Acute Myeloid Leukaemia (AML) is an aggressive blood cancer which has a poor prognosis and high relapse rate. There are around 3200 new cases of AML diagnosed in the UK every year and unfortunately, this figure is increasing, with a 30% increase from the 1990s. Of all leukaemias, this is the most aggressive with a 5year survival rate of just 20%, which drops to just 5% in patients over 65 years old.
What the study hopes to achieve
The research project hopes to discover and study differences between two types of cancer cells associated with this disease. Cancer cells are present in the blood, which are detected and destroyed by regular cancer treatments such as chemotherapy. However other cells ‘hide’ inside the bone marrow. This makes these cells difficult to find and the bone marrow also gives a degree of protection to the hidden cells which mean treatments are often not effective. These hidden cells stick to the bone marrow, this research project hopes to discover how this ‘glue’ works.
The Study potential
With a better understanding of the two types of cell, new novel ways of forcing these sticky cells out of hiding can be developed and lead to more effective treatments. This study will not only benefit AML patients but those suffering from other forms of cancer too, as this same hiding/sticking mechanism often forms part of the cancer metastases process.
Who is involved
The research will be carried out at Brighton and Sussex Medical School by Dr Eleni Ladikou. Eleni is a Clinical Research Fellow who will be doing this research project for her PhD under the supervision of Dr Andrea Pepper. She will be joining the ‘Pepper Research Team’ at BSMS with Dr Tim Chevassut as her clinical co-supervisor.

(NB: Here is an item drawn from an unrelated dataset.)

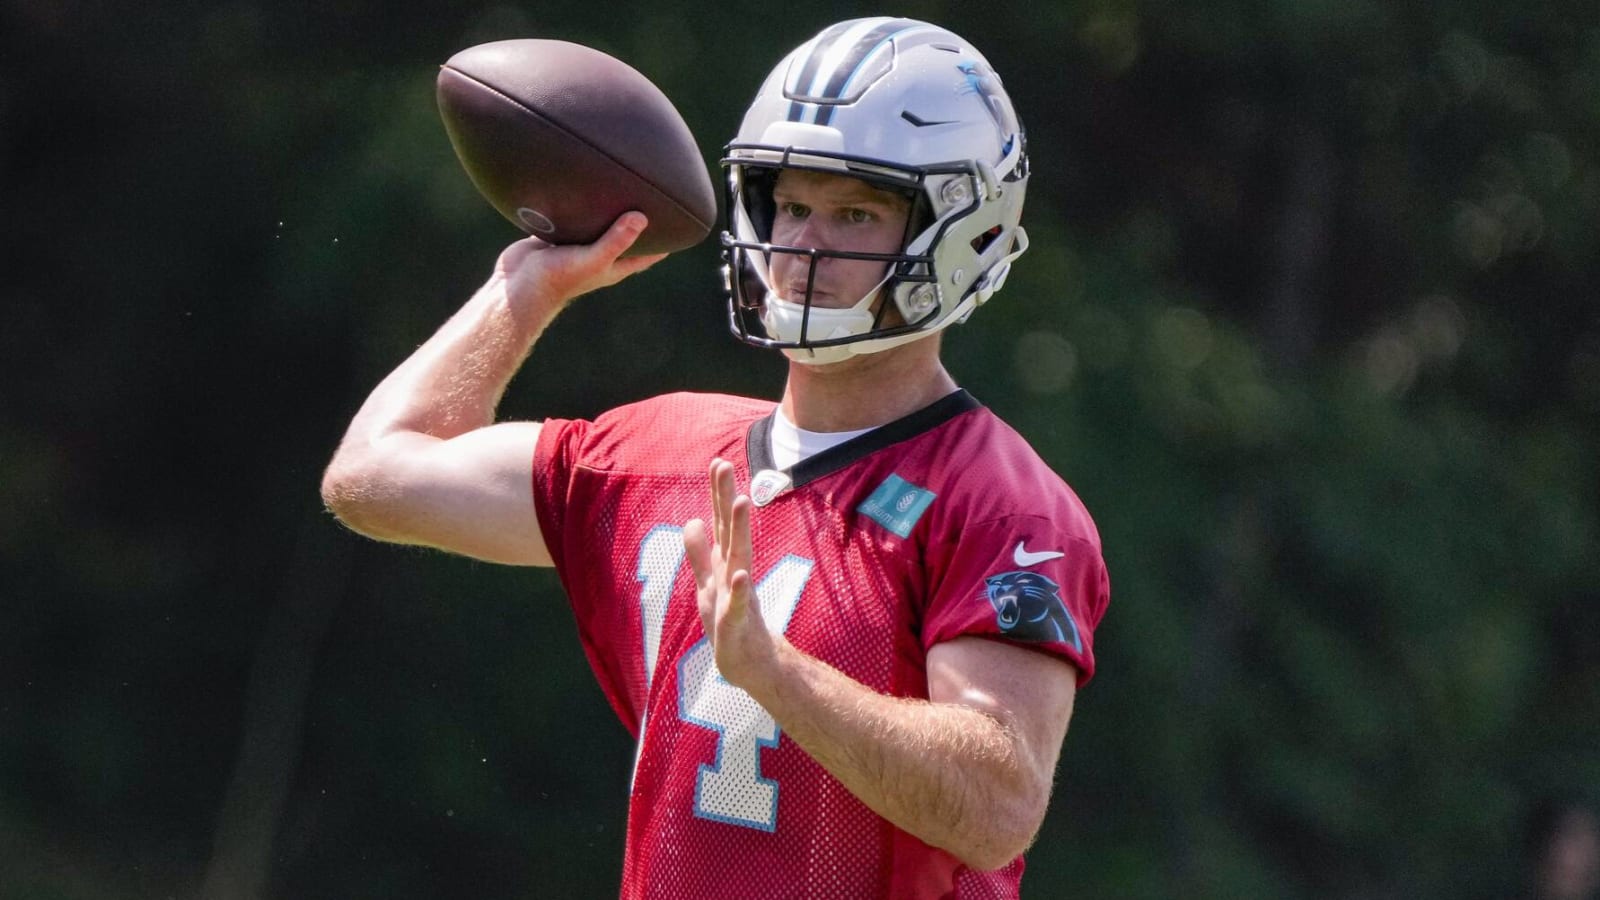 Report: Panthers still not looking to trade QB Sam Darnold

Eleni became interested in research and haematology while studying for her undergraduate degree where she worked on different types of leukaemia. Eleni enjoys the creativity that research brings and this led her to pursue an academic clinical career. Thankfully the NHS has an integrated and progressive academic clinical pathway which allows clinicians to progress in their clinical careers while doing research part-time.
Eleni began this pathway with two years in Leicester before moving to Brighton three years ago.
Eleni said “The SCF will allow us to gain a deeper understanding of the leukaemic cell anchorage to the bone marrow, which could revolutionize the treatment of AML as well as other leukaemias/cancers”
“The SCF will enable me to pursue my PhD in a supportive, inspiring environment, where I will learn from the best and get exposed to high-quality translational research”
The Sussex Cancer Fund is delighted to have been able to assist with this potentially life-saving research and wish Eleni the very best of luck. If you would like to help us support more projects like this please donate using the button below.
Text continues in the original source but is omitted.